Katılımcıların demografik ve sosyal verilerini açıkladıktan sonra Ağırdır, sosyal medya kullanımı ile ilgili sonuçları paylaşmaya başladı. Buna göre:

- İnterneti iş için kullananlar yüzde 68, arkadaşlarla-akrabalarla muhabbet için kullananlar yüzde 66, bankacılık işlemi için kullananlar yüzde 49, haber takibi için kullananlar yüzde 79, siyasi içerikleri takip etmek için kullananlar yüzde 35, alışveriş için kullananlar yüzde 25, film-dizi seyretmek için kullananlar ise yüzde 39 oranında.

-  Sosyal medya kullanıcılarının yüzde 43’ü devamlı online. Yüzde 13, her saat hesaplarını kontrol ederken, yüzde 34 günde 2-3 kez kontrol ediyor. Yüzde 7’si haftada 2-3 kez kontrol ederken, sadece yüzde 7’lik bir oranın sosyal medya hesabı bulunmuyor.

-  En çok kullanılan sosyal medya aracı yüzde 85 ile Facebook. Daha sonra yüzde 49 ile Twitter, yüzde 57 ile YouTube, yüzde 57 ile Instagram (Türkiye ortalamasının çok üzerinde bir oran), yüzde 32 ile LinkedIn geliyor.

- Katılımcıların yüzde 86’sı gerçek isimleri ile sosyal medya hesaplarını kullanıyorlar. Yüzde 2’si takma isim kullandıklarını belirtirken, yüzde 12’lik bir kesim hem gerçek hem de takma isimlerle hesapları olduğunu belirtmiş.

-  Facebook’ta arkadaş olduğu insanlarla gerçekten arkadaş olanların oranı yüzde 24.
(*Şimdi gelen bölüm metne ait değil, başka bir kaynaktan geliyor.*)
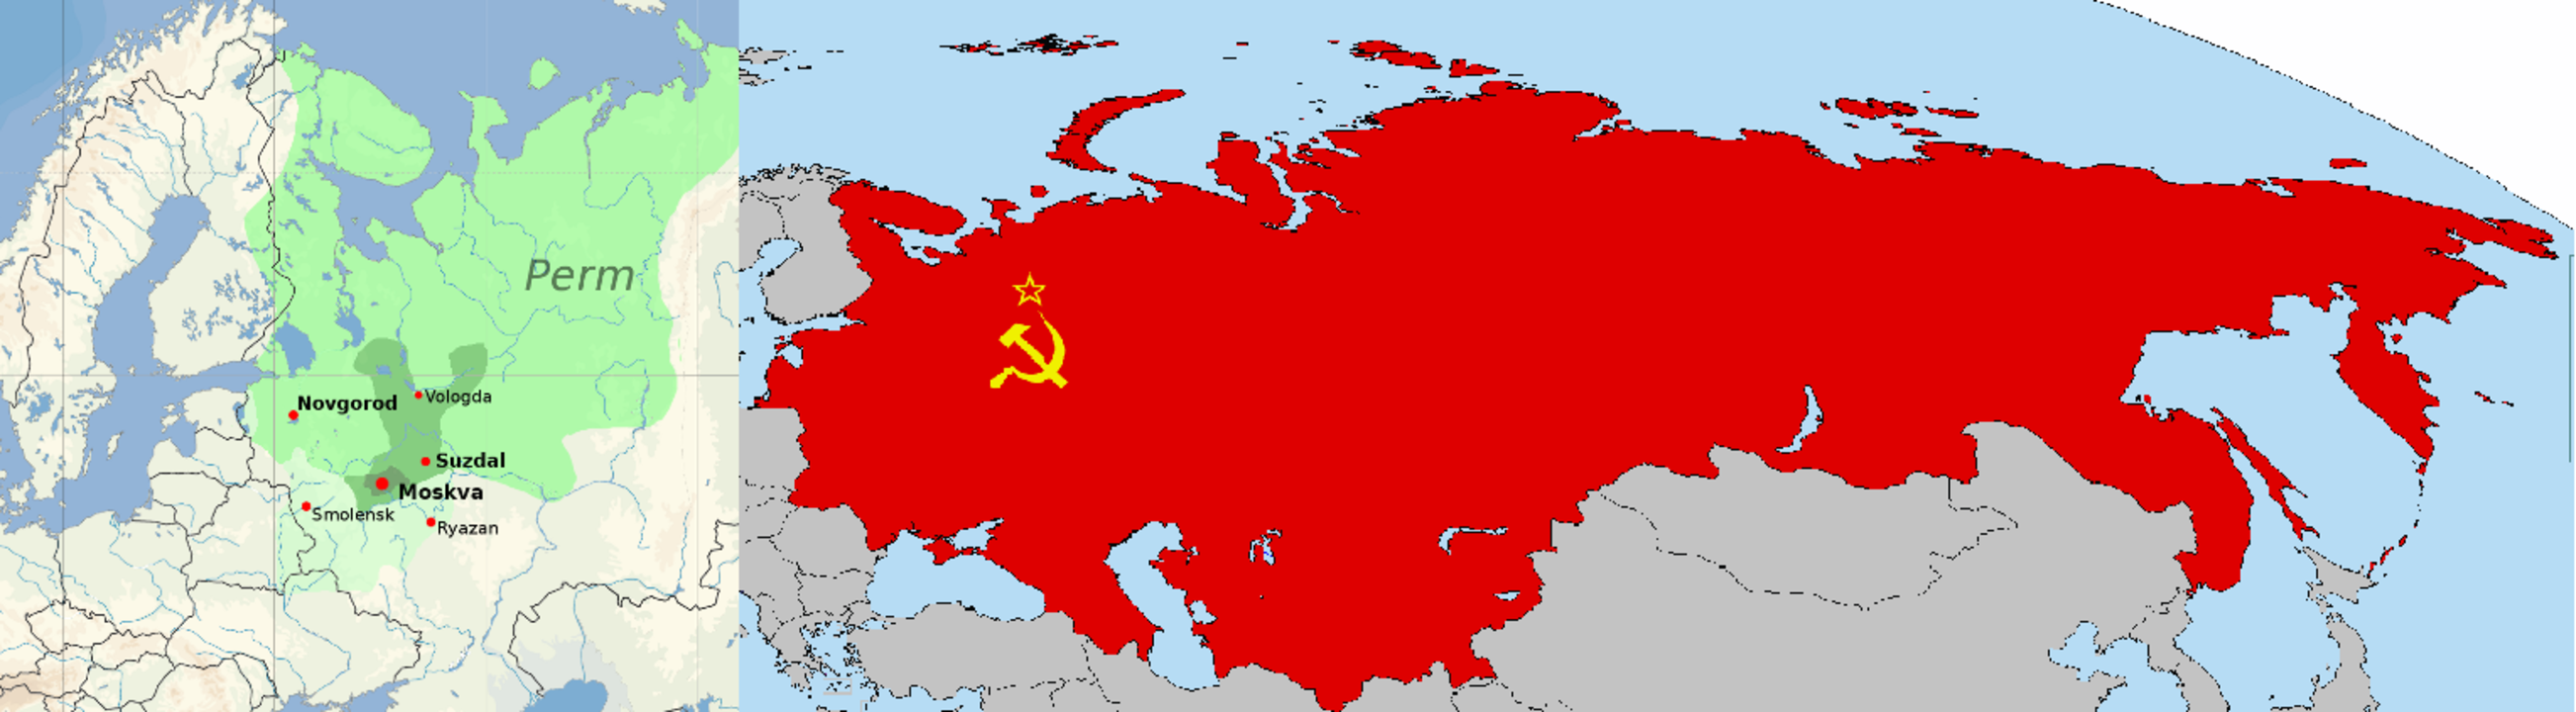 Tìm hiểu thông tin Liên Bang Nga có bao nhiêu nước?

- ‘Sosyal medyada paylaşım ve yorum yaparken nasıl hissediyorsunuz?’ sorusuna yüzde 41 ‘bazen tedirgin oluyorum’, yüzde 23 ‘paylaşım ve yorum yapmıyorum, sadece izliyorum’, yüzde 21 ‘özgürce paylaşım yapabiliyorum, rahatım’, yüzde 15 ise ‘çekiniyorum, aslında çoğu zaman gerçek düşüncelerimi paylaşmıyorum’ yanıtı vermiş.

-  Sosyal medyada paylaştığı haber ve görüş yüzünden maruz kaldığı bir hak ihlali olup olmadığı sorulduğunda ise katılımcıların yüzde 65’i bir hak ihlaline uğramamış. Ancak yüzde 15 hakarete, yüzde 14 aşağılamaya, yüzde 8 küfre, yüzde 6 ise tehdide maruz kalmış.

-  Yüzde 61, sosyal medya ile ilgili haklarını bilmediğini belirtirken, yüzde 80 sosyal medyada hak ihlali ve ayrımcılığa karşı yaptırımları olması gerektiğini savunmuş.

 

“BİR ARADA YAŞAMAK İÇİN TEMAS ETMEK GEREKLİ”

Bekir Ağırdır sunumu sırasında anket sonuçlarıyla birlikte çeşitli değerlendirmelerde de bulundu. Ağırdır, Türkiye'de farklı kimliklerden topluluklara “Kimliğini yaşamanın önündeki engeller neler?” diye sorulduğunda Kürtlerin “Yasal düzenlemeler” derken farklı inançlardan azınlıkların “Toplumsal baskılar” dediğini ve anket sonuçlarının da bu bilgiyi doğruladığını dile getirdi. Ağırdır yüz yüze gelinmediği halde sosyal medyada üçte birinin açıktan ayrımcılığa uğradığını hatırlatırken, eğitim seviyesi yüksek bu grubun büyük çoğunluğunun sosyal medyadaki haklarını bilmediğini hatırlattı.

Bekir Ağırdır, anket sonuçlarından “Bir arada yaşamak için temas etmek gerekli” sonucunu çıkardığını vurguladı: “Göç, iş yerinde birlikte çalışmak, aynı apartmanda yaşamak, toplantılarda karşılaşmak gibi vesilelerle ‘yaban’ olmaktan çıkılmalı, farklılıklar öcü olarak kodlanmamalı.” Ağırdır, önce eğitim sonra hukuk sisteminin demokratikleşmesi gerektiğini, maharetin daha temas başlarken önyargıyı kaldırmak olduğunu belirtti.

Ağırdır’ın ardından söz alan Bilgi Üniversitesinden Ulaş Karan, gün geçtikçe sosyal medyanın yaptırım ve düzenleme bekleyen bir alana dönüştüğünü, kasım ayında proje kapsamında yapılacak uluslararası konferansta özel olarak ifade özgürlüğü ve azınlıklar konusuna eğileceklerini ifade etti.